Apart from the images, repeat the data below exactly as written.

BEGIN INFORMATION SHOWN

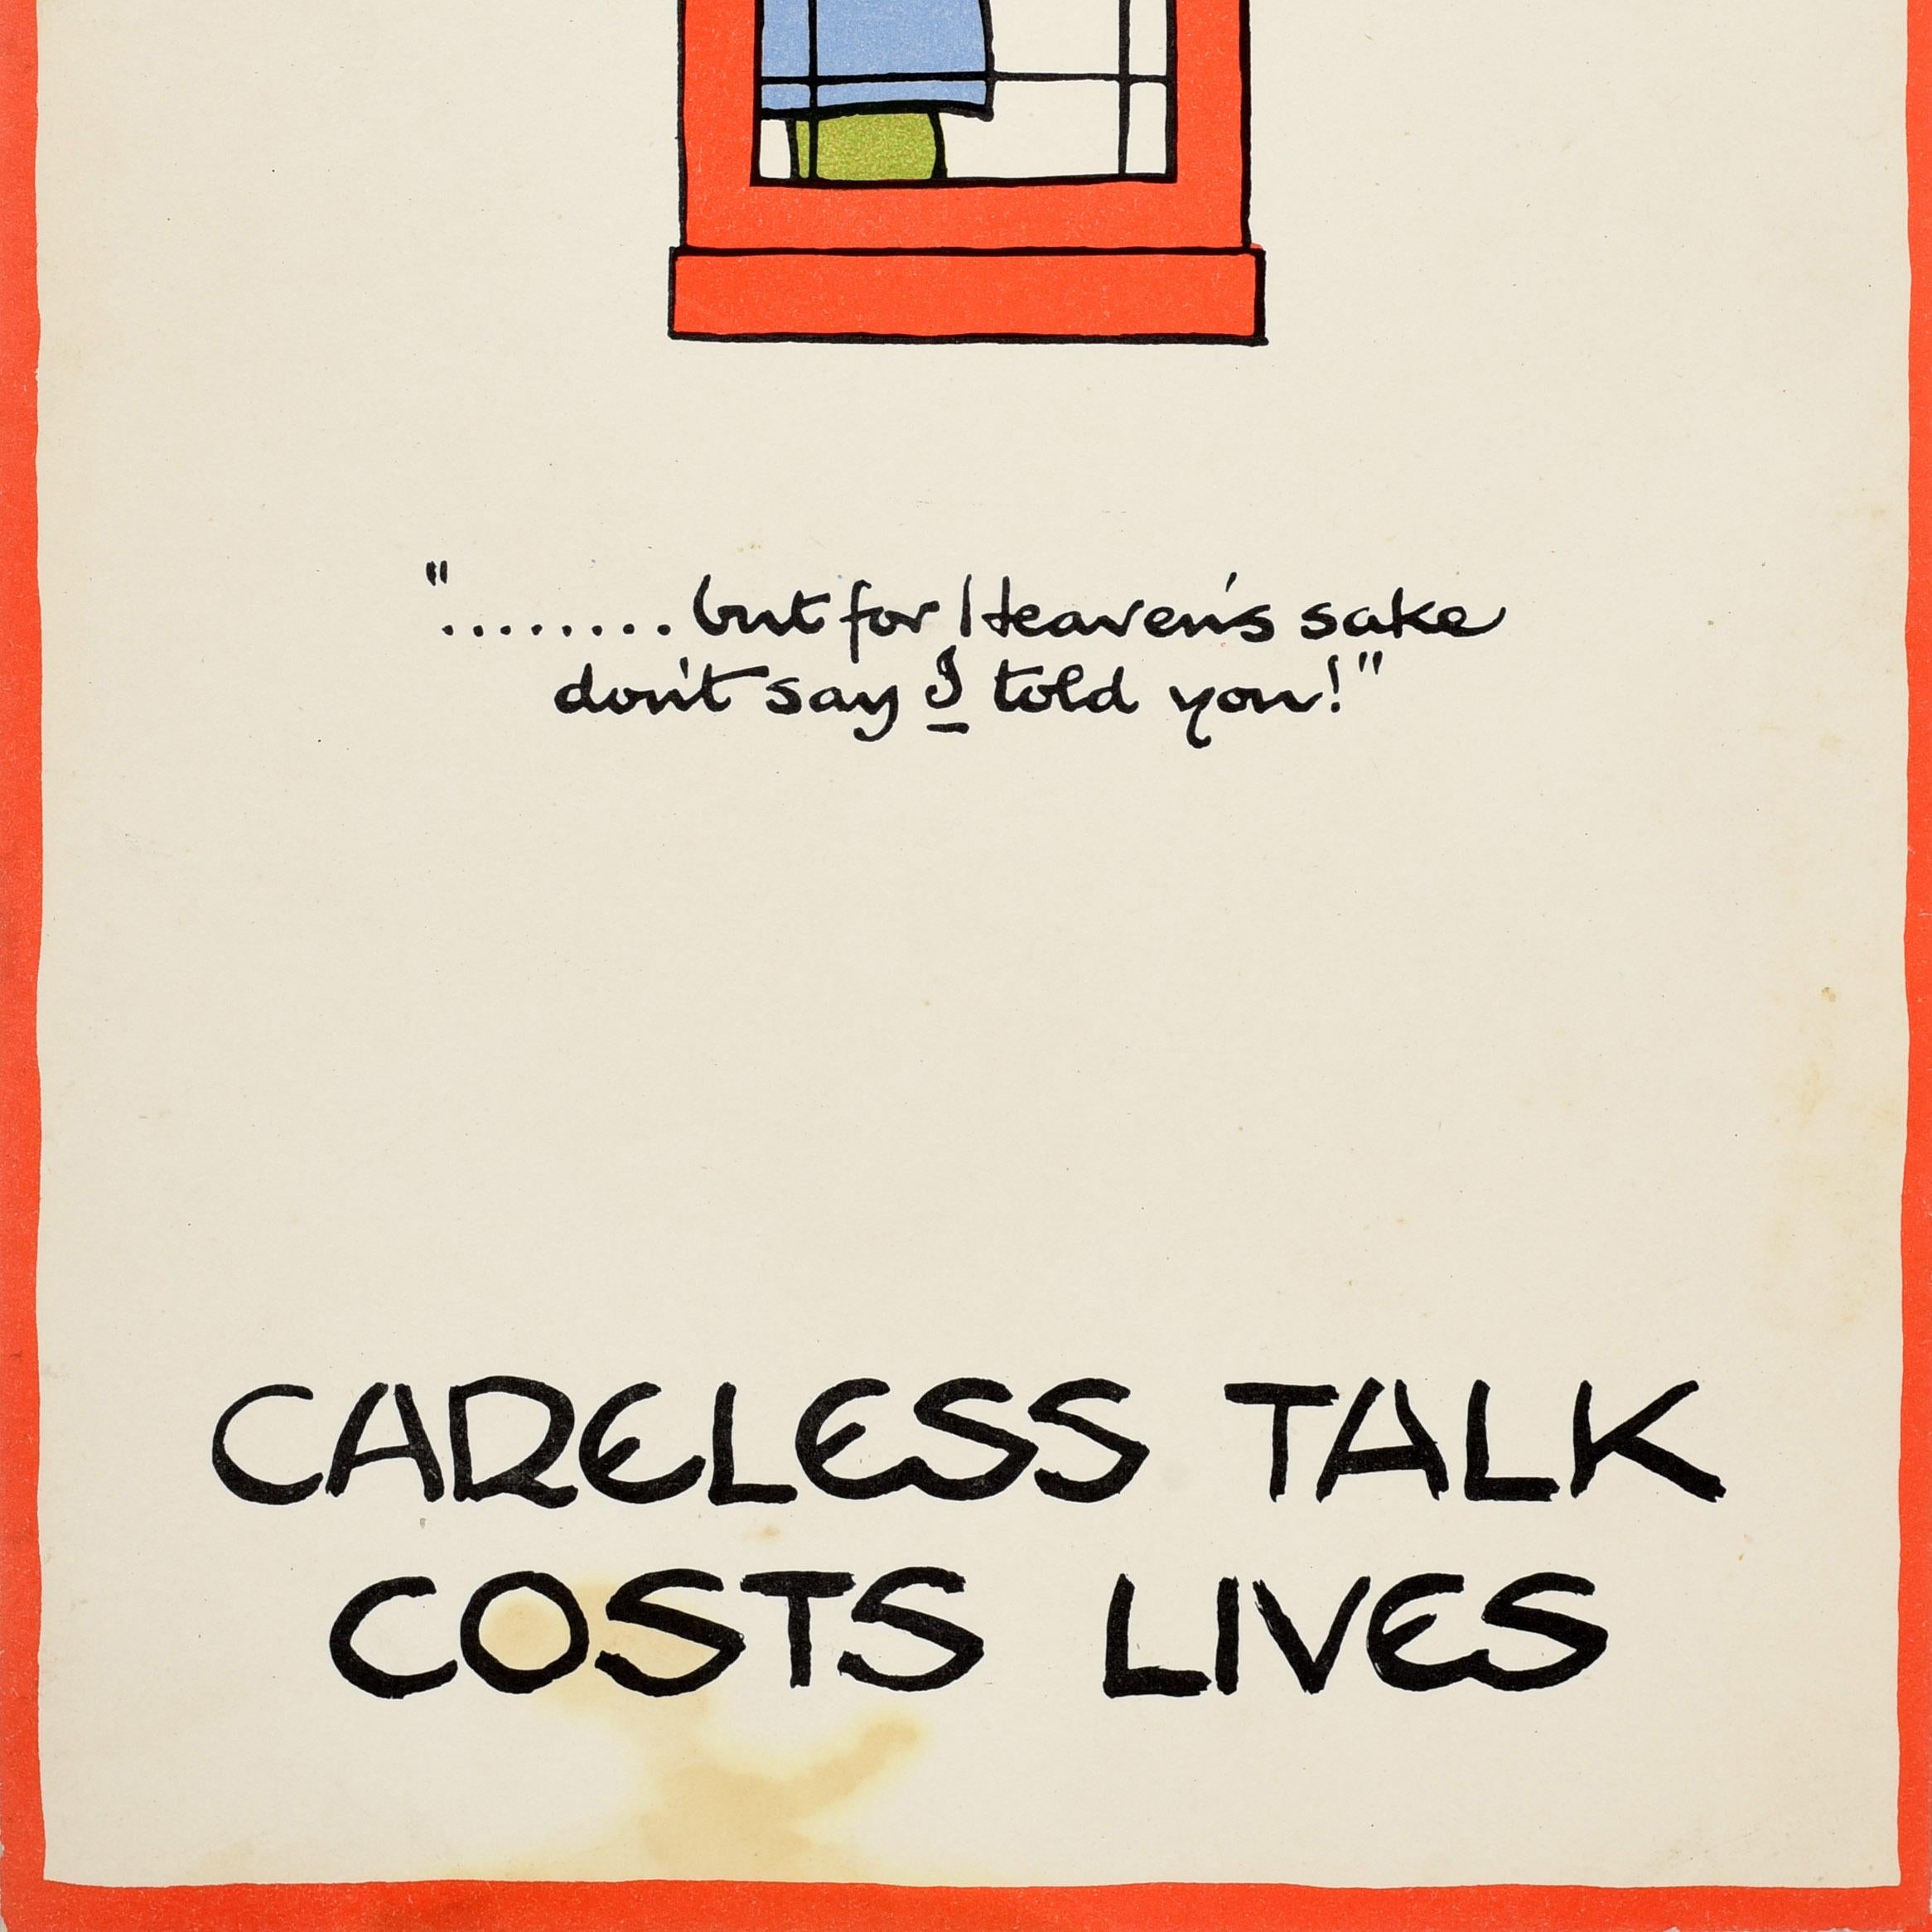 Original vintage World War Two poster by the notable British cartoonist and illustrator Fougasse (Cyril Kenneth Bird; 1887-1965) from the popular and iconic Careless Talk Costs Lives wartime propaganda series issued by the Ministry of Information -
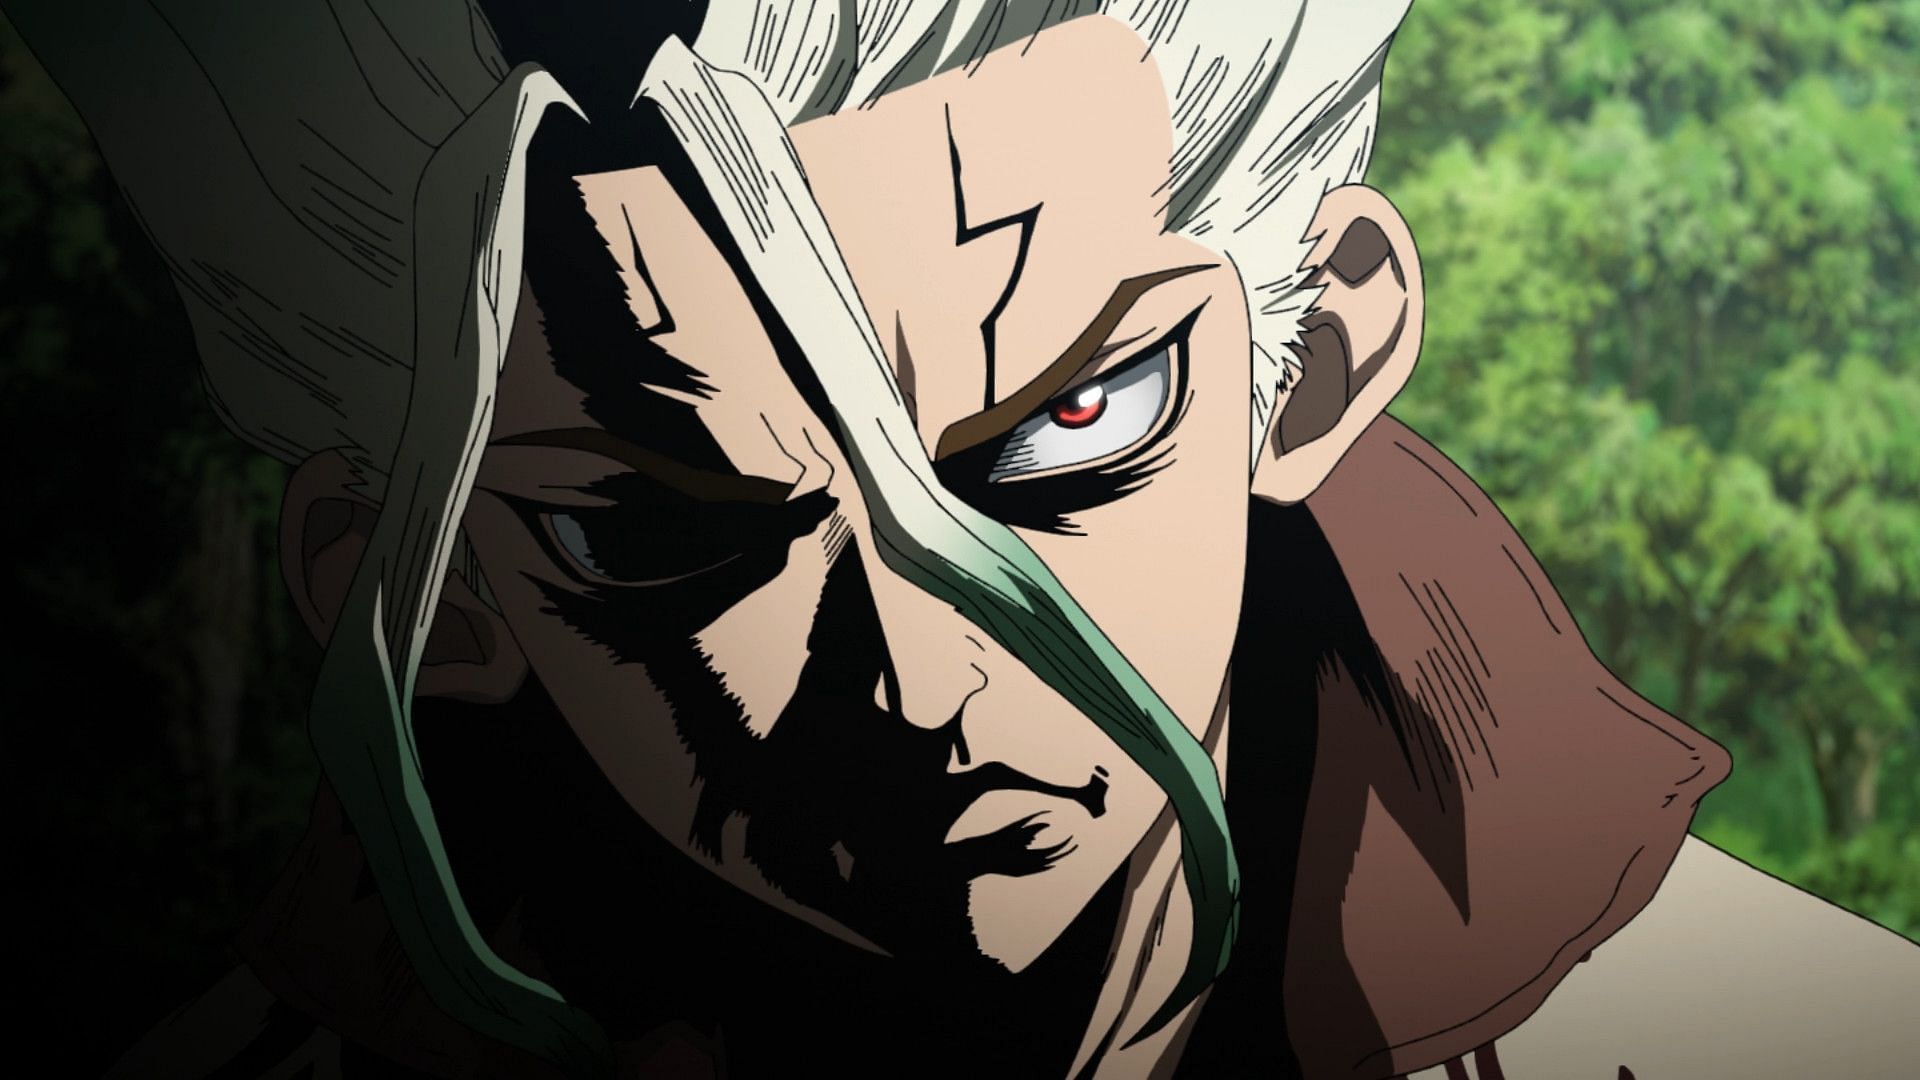 Dr. Stone Season 3 Episode 14: Deal Game begins; here's everything to know
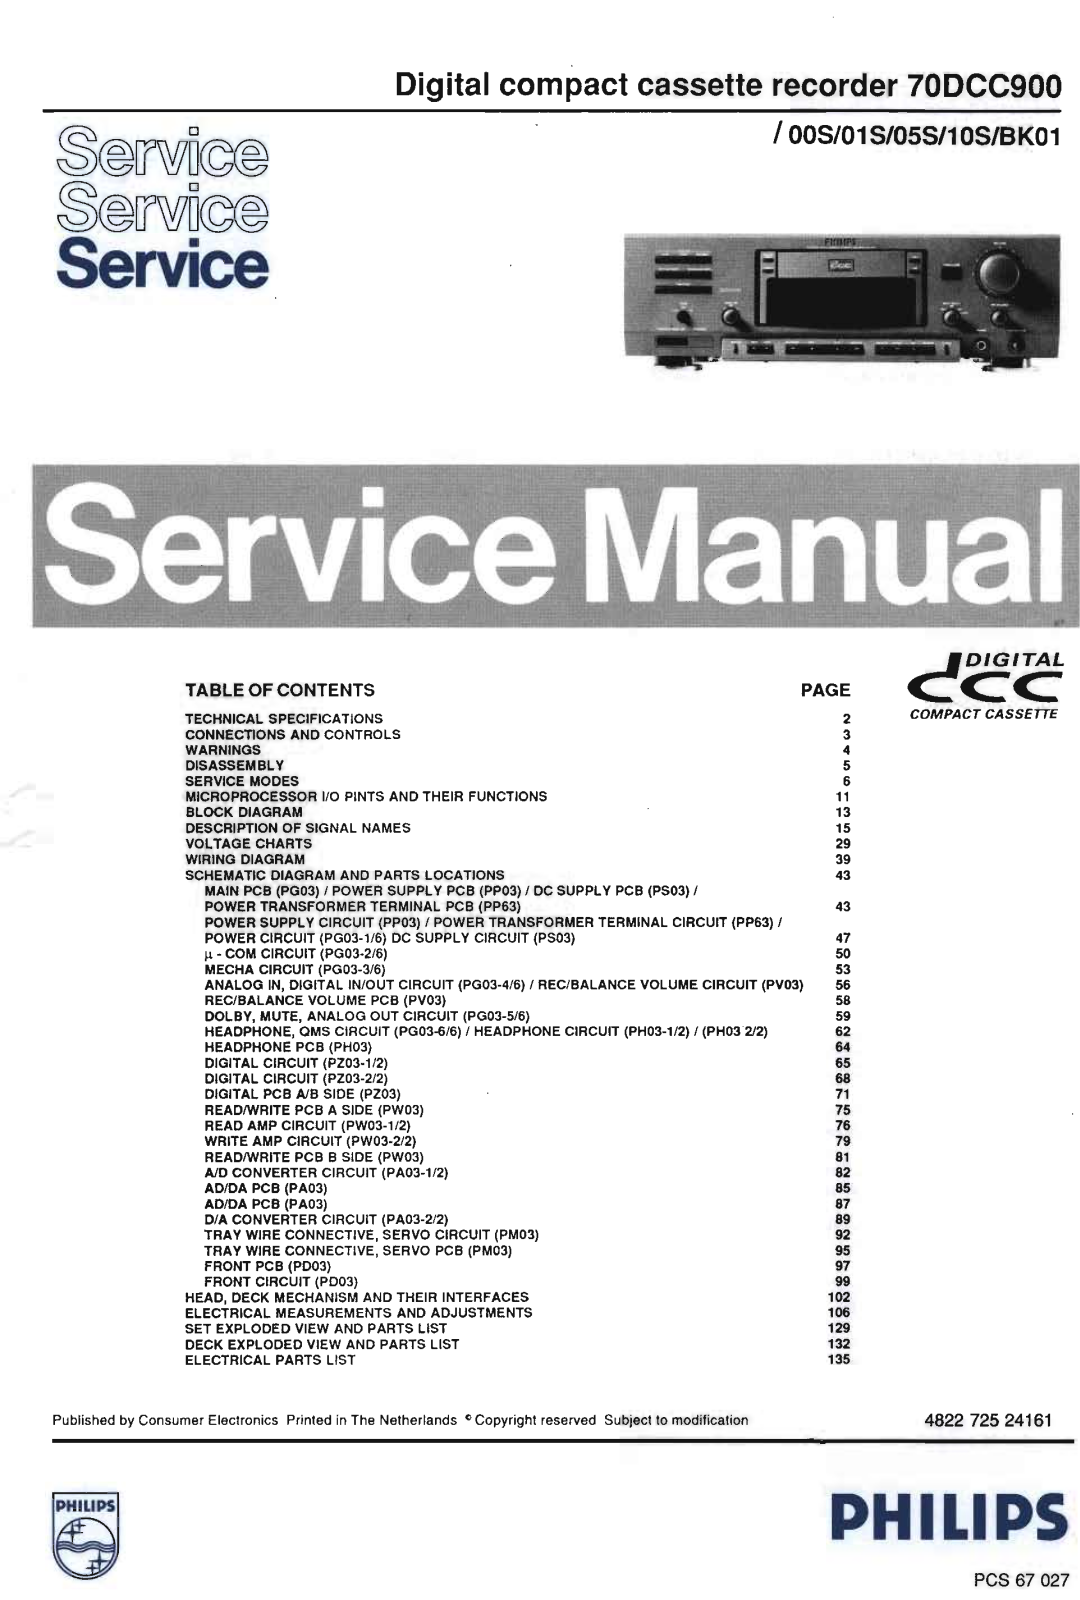 Philips DCC-900 Service Manual

END INFORMATION SHOWN

> **PROBLEM SOLUTION**:
 Original vintage World War Two poster by the notable British cartoonist and illustrator Fougasse (Cyril Kenneth Bird; 1887-1965) from the popular and iconic Careless Talk Costs Lives wartime propaganda series issued by the Ministry of Information -
 Dr. Stone Season 3 Episode 14: Deal Game begins; here's everything to know
 Philips DCC-900 Service Manual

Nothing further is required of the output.